- _Assignment_
Go through the listing below from the line containing "10459184 34SI Reman Alternator service parts" to its last line, retyping each line exactly and nothing else.

- _Data shown_

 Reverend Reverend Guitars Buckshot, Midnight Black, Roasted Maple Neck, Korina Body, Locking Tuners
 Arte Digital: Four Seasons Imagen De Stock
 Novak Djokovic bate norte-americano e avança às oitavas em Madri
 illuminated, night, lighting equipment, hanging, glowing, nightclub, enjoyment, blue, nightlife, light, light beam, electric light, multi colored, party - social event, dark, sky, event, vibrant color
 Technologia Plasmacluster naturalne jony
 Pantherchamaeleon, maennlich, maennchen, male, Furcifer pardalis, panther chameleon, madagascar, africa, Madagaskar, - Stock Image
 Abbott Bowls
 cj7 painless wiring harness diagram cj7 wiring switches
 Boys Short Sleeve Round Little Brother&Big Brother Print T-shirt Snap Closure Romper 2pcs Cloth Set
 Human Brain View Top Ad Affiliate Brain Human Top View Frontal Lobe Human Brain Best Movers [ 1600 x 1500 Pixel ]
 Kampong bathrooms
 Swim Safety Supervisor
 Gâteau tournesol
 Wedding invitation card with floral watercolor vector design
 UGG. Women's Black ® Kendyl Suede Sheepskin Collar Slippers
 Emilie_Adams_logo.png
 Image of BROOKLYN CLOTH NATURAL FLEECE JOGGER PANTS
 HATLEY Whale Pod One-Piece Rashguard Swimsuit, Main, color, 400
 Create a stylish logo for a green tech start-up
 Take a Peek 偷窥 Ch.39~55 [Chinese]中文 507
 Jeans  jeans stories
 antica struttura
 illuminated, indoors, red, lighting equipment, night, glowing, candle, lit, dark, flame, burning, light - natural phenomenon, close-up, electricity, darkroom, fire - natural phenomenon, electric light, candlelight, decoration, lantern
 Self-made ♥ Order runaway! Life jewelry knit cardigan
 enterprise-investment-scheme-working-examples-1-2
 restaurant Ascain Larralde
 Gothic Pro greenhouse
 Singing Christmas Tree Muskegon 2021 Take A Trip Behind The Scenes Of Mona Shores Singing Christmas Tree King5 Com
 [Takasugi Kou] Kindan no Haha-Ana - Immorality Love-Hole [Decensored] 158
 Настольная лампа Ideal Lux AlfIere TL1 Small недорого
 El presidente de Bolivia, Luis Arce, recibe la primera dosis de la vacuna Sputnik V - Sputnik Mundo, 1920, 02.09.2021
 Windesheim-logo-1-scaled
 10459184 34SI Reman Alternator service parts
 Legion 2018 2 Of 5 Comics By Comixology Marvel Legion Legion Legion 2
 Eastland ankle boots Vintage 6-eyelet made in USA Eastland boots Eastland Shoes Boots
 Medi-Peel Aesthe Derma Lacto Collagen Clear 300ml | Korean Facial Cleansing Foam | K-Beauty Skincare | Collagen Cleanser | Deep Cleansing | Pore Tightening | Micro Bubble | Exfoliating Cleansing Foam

- _Exercise result_
 10459184 34SI Reman Alternator service parts
 Legion 2018 2 Of 5 Comics By Comixology Marvel Legion Legion Legion 2
 Eastland ankle boots Vintage 6-eyelet made in USA Eastland boots Eastland Shoes Boots
 Medi-Peel Aesthe Derma Lacto Collagen Clear 300ml | Korean Facial Cleansing Foam | K-Beauty Skincare | Collagen Cleanser | Deep Cleansing | Pore Tightening | Micro Bubble | Exfoliating Cleansing Foam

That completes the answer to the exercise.